All in all, it’s a healthier relationship.  One-way relationships tend not to be sustainable in the long term.  But as with any power shift, there’s a pendulum effect that will likely occur here.  As power finds its natural balancing point, it will likely swing too far in the direction of the consumers before it comes back again.

User-centricity is More than Just a Word

Ever since Time Magazine made you and I the person of the year, user experience has been the two words on the tip of everyone’s tongue. We’re all saying that the user is king and that we’re building everything around them. But I fear that user-centricity is quickly becoming one of those corporate clichés that’s easy to say, but much, much harder to do. All too often I see internal fighting in a lot of companies between those that truly get user centricity and have become the internal user champions and those that are continuing to push the corporate agenda, at the expense of the user experience. The tough part of user centricity is seeing things through the users eyes. We can do user testing but if we truly put the user first, it requires tremendous courage and fortitude to make the user the primary stakeholder. All too often, I see user considerations being one of several factors that are being balanced in the overall design. And often, it takes a backseat to other considerations, such as monetization. This is the trap that Yahoo currently finds themselves in. They talk about user experience all the time. But the fact is, over the last two years it’s really been the advertiser whose’s owned their search results page. I’ve recently seen signs of the balance tipping more towards the user’s favor with the rollout of Panama and a more judicious presentation of top sponsored ads. But I’m still not sure the user is winning the battle at Yahoo!

It’s not easy to step inside your user’s head when it comes to designing interfaces. It’s very tought to toggle the user perspective on and off when you’re going through a design cycle. The feedback we get from usability testing tends to be too far removed from the actual implementation of the design. By that time the meat of the findings has been watered down and diluted to the point where the user’s voice is barely heard. That’s why I like personas as a design vehicle. A well formulated persona keeps you on track. It keeps you in the mindset of the user. It gives you a mental framework you can step into quickly and readjust your perspective to that of the user, not the designer.

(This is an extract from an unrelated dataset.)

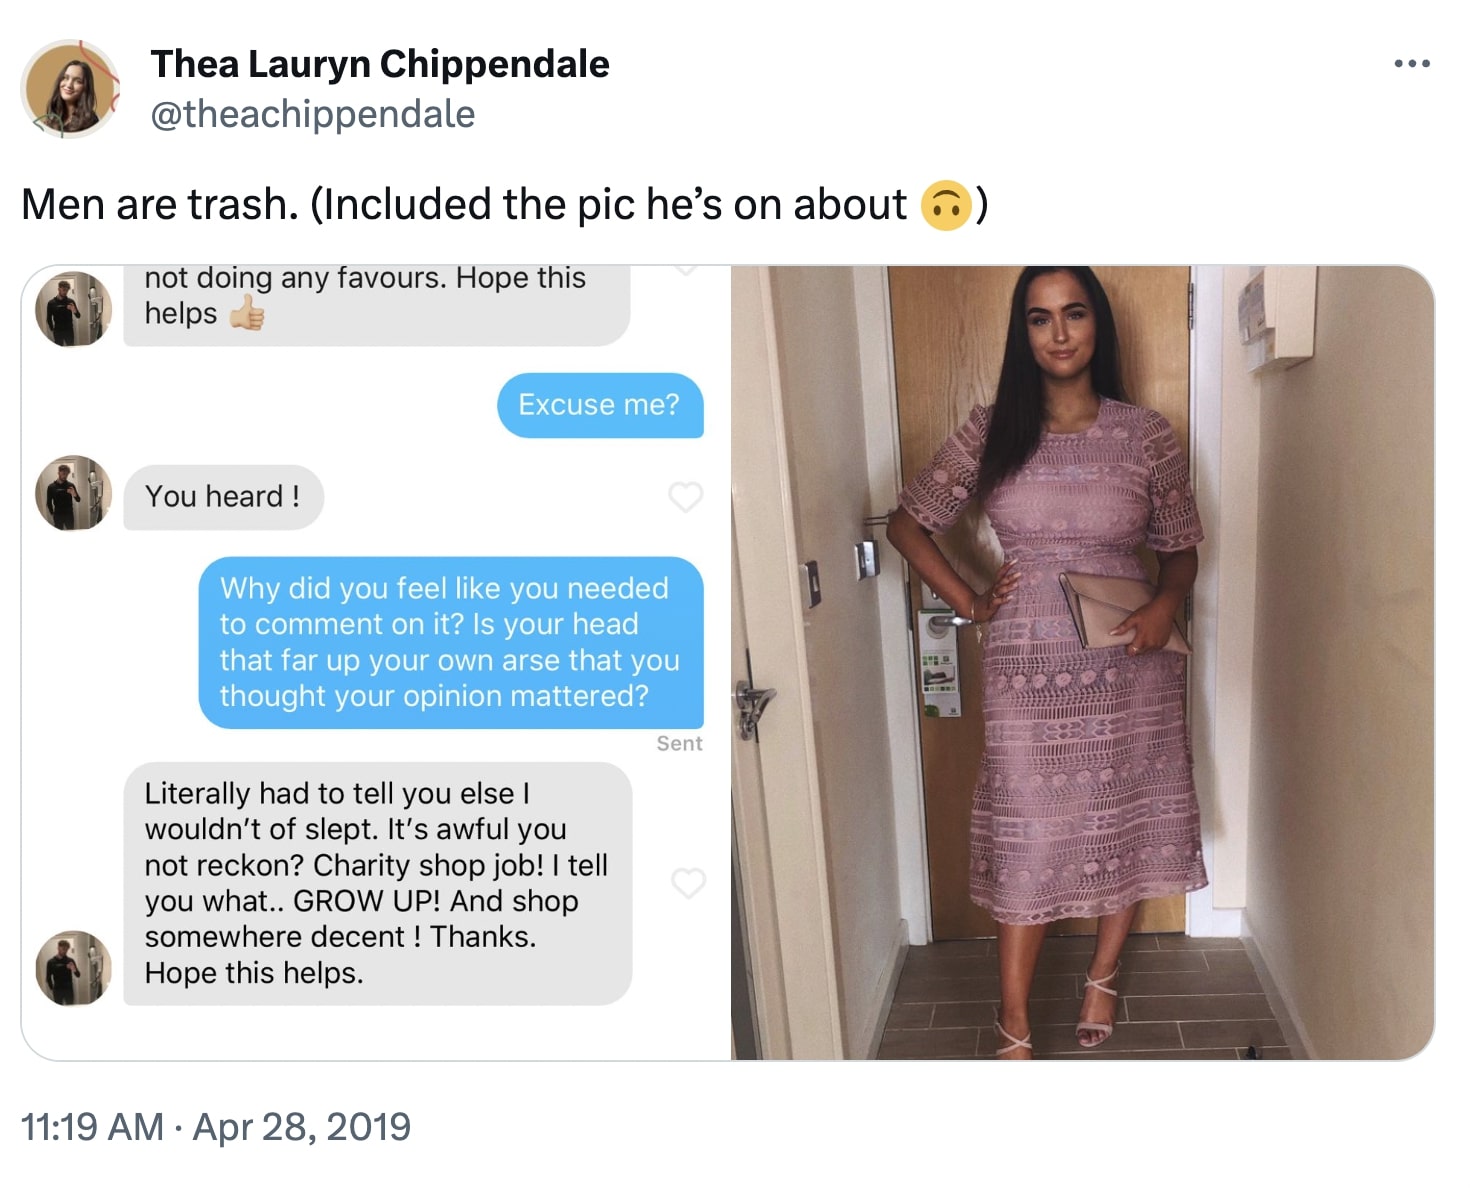 Thea Lauryn Chippendale's post on X with screenshot of Tinder conversation and image of her in ASOS dress

If you’re truly going to be user centric, be prepared to take a lot of flack from a lot of people. This is not a promise to be made lightly. You have to commit to it and not let anything dissuade you from delivering the best possible end-user experience, defined in the user’s own terms. This can’t be a corporate feel good thing. It has to be a corporate commitment that requires balls the size of Texas. And if you’re going to make a commitment, you better be damn sure that the entire company is also willing to make the same commitment. The user experience group can’t be a lone bastion for the user, fighting a huge sea of corporate momentum going in the opposite direction. This isn’t about balancing the user in the grand scheme of things, it’s about committing wholeheartedly to them and getting everyone else in the organization to make the same commitment. If you can do so, I think the potential wins are huge. There’s a lot of people talking about user centricity but there’s not a lot of people delivering on it consistently and wholeheartedly.